Driving practically up to a rhinoceros is a thrill--but there are a myriad attendant thrills: the wonderful pristine-seeming countryside, the literally dozens of other taxa of megafauna you see as well (and let's not even get around to the microfauna which sometimes steal the show--and flora and especially the fantastic variety of birds). And then there are the people: the South Africans in this case--over a dozen different ethic groups, each with a rich culture and history and wealth of cultural attributes.

But getting back to the rhinoceros--if you read my blog I suspect you are aware of the wanton destruction of thousands of rhinoceros a year for commerce in their horns: if you are miraculously ignorant about it, just Google "rhinoceros horn" and stand back for the shocking revelation that there were nearly 100,000 individuals mid last century and that they've dwindled to a few thousand, and possibly 1200 were killed in Kruger alone last year. The magnitude of the destruction of a creature so that small market of truly pin-headed East Asian plutocrats might ingest tiny portions of ceratin (It would be SO much more appropriate if we all just collected our collective toenail clippings and sent them those instead).

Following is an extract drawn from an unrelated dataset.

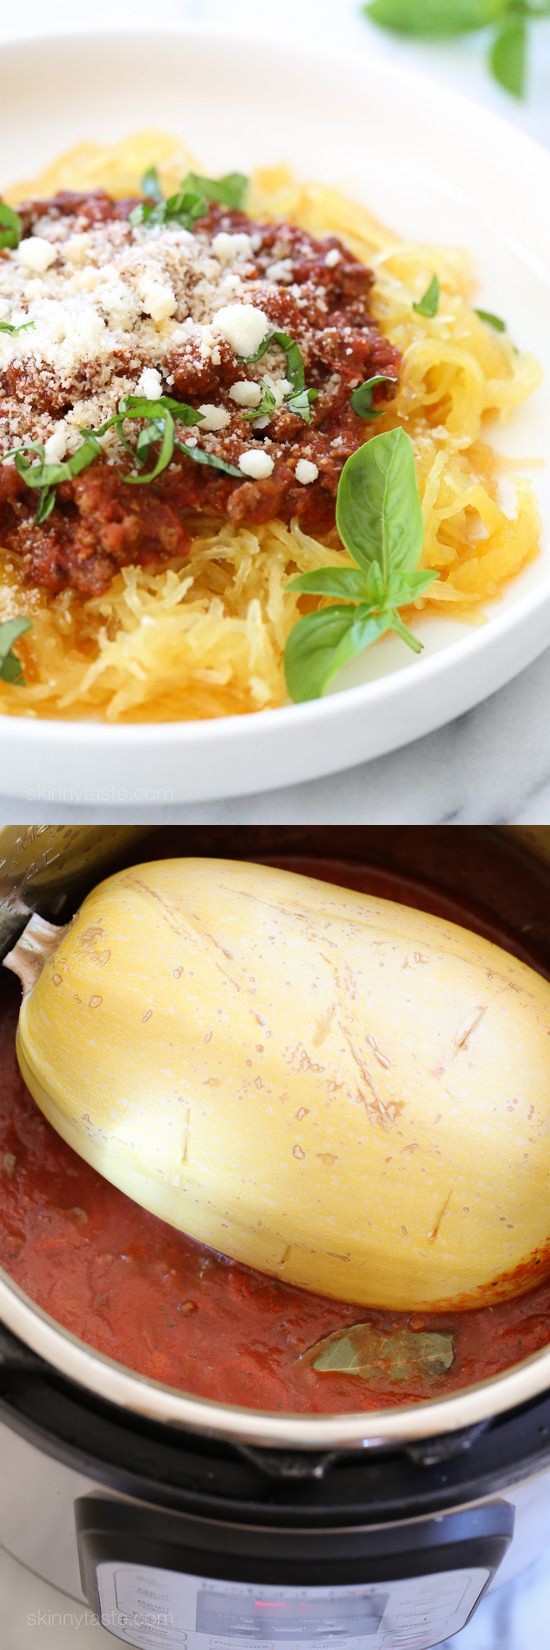 One-Pot Spaghetti Squash and Meat Sauce (Pressure Cooker and Slow Cooker

The plight of Indian and Indonesian rhinos is hardly any better: the last surviving species of rhinoceros have had the bad luck to be find themselves in tiny, fragile havens next to areas of colossal population growth (India, Indonesia and now Africa--whose population is still burgeoning at astounding rates).

Much of the area just west and south of Kruger and its surrounding "reserves" is heavily populated already, with huge fruit and cereal farms, mines and tree plantations carpeting every inch of ground. I can't speak for the north or east side--Zimbabwe and Mozambique can hardly bode better.

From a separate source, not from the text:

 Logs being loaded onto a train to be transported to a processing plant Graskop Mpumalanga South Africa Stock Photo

Of course, one (or possibly more) species of rhinoceros have already become extinct--likely with help from humankind already: the Wooly Rhinoceros ( Coelodonta antiquitatis and likely other taxa) succumbed by the end of the Pleistocene: depicted nearly100 times by Cro Magnon artists--although not nearly as often as they painted mammoths, bison and horses (which were subsequently also ushered into extinction at about the same time).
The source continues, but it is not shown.